What does the chart of accounts say about the company?
It is not uncommon for employees in companies to maintain Excel spreadsheets that help explain what is happening in the organization financially – expenses and income by project, budget versus actual, classification by sub-projects, etc.
The power of Excel lies in its flexibility. Any line item can be broken down into many different types of expenses/income and excellent reports can be produced, but there is a catch: the report is accurate only at the moment it is generated, and in order for it to remain up to date it must be maintained constantly.
As work with engineered reports and with systems that are not based on bookkeeping increases, so does the distance from accounting, which over time creates a disconnect between accounting and the rest of the organization. So when a manager wants to know whether a certain project is profitable or not, they will not turn to accounting because, from their perspective, accounting mainly handles invoice payments and collections and reporting to the authorities; instead, they will speak with that function in the organization that maintains those engineered reports.
Over time, this distance may create serious damage in the organization, because it may create a situation where according to the processed reports the situation looks good, but in practice in the records and in the bank – the situation is problematic.
So what do we do? Everything starts with the company’s chart of accounts. A correct structure of the chart should ensure that a simple generation of a trial balance (without any field adjustments other than limiting dates) presents the company’s correct and up-to-date financial situation with no need for explanations or notes.

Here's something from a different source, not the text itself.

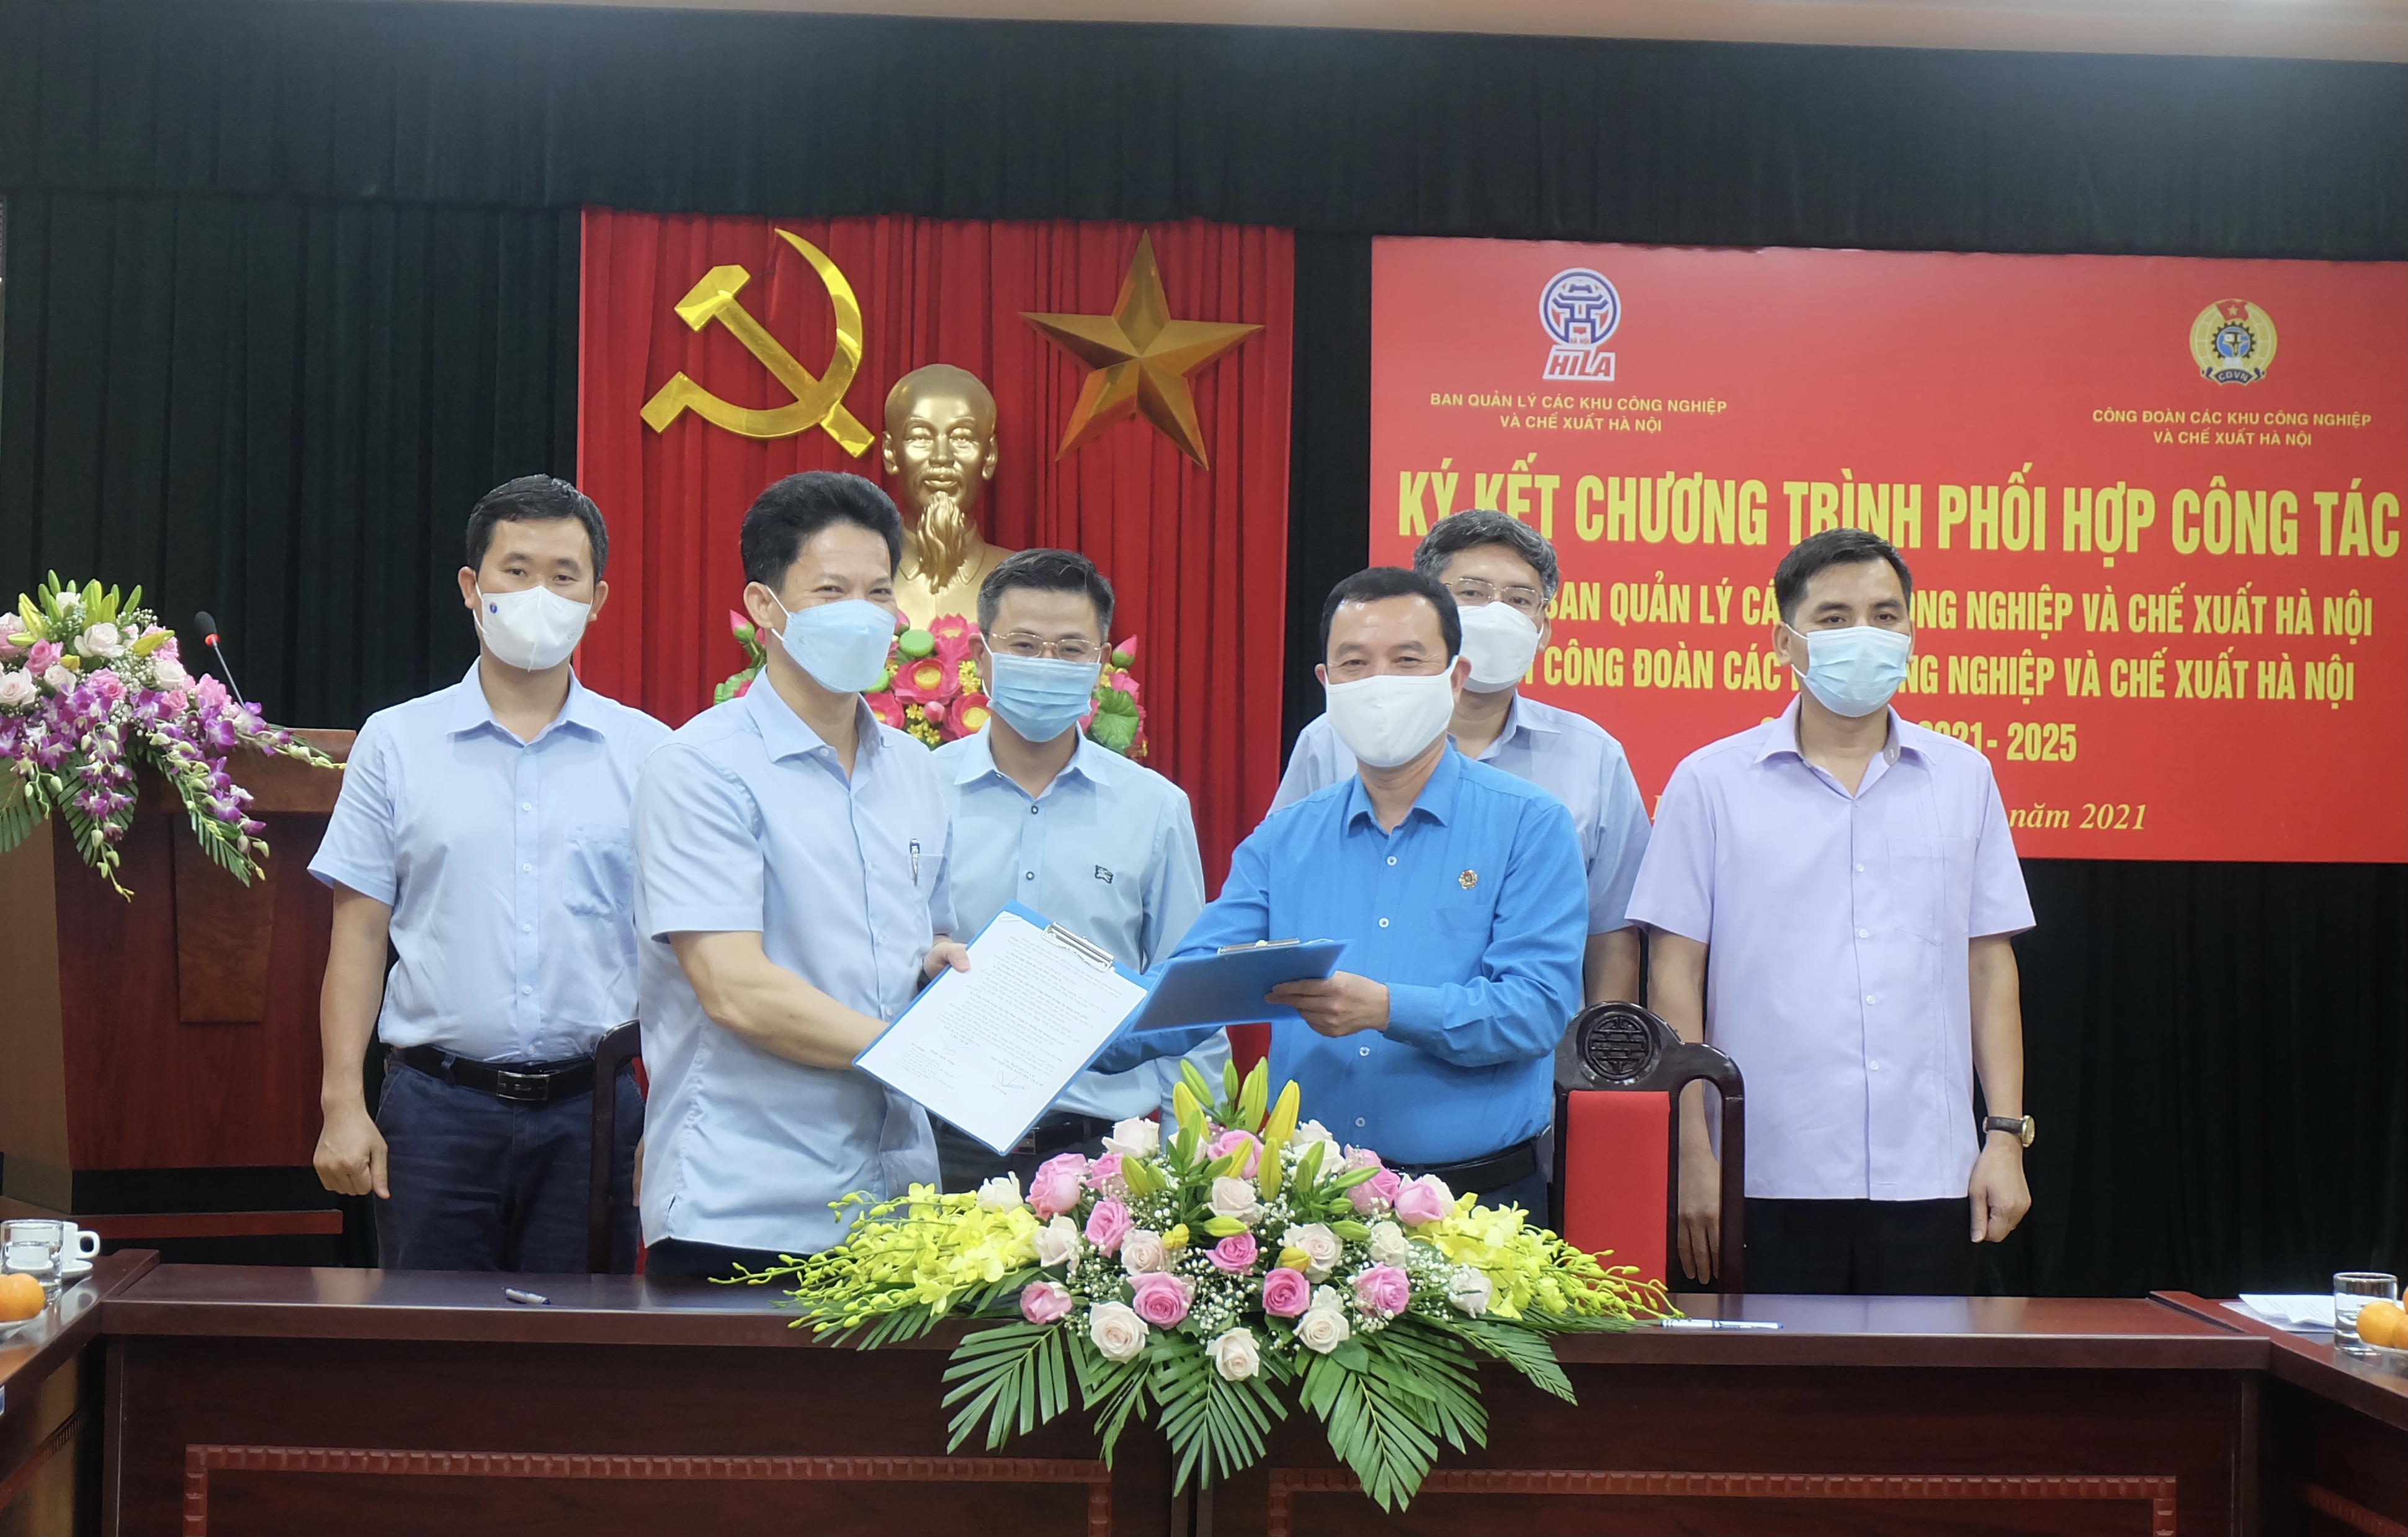 Ban Quản lý và Công đoàn các Khu công nghiệp và chế xuất Hà Nội ký kết chương trình phối hợp công tác

What about detailed reports? What guides accounting in building the chart is correct and convenient recording, while for the business manager what matters is the breakdown by projects and their profitability. How do we bridge the gap? A common option is to use segmentation in the account numbering structure (the position of the first digit indicates an expense-type account, the position of the fourth and fifth digits indicates the project code, etc.). This structure makes it possible to produce reports that satisfy both accounting and the business manager, all without making any manual selections or artificial cuts across the various reports.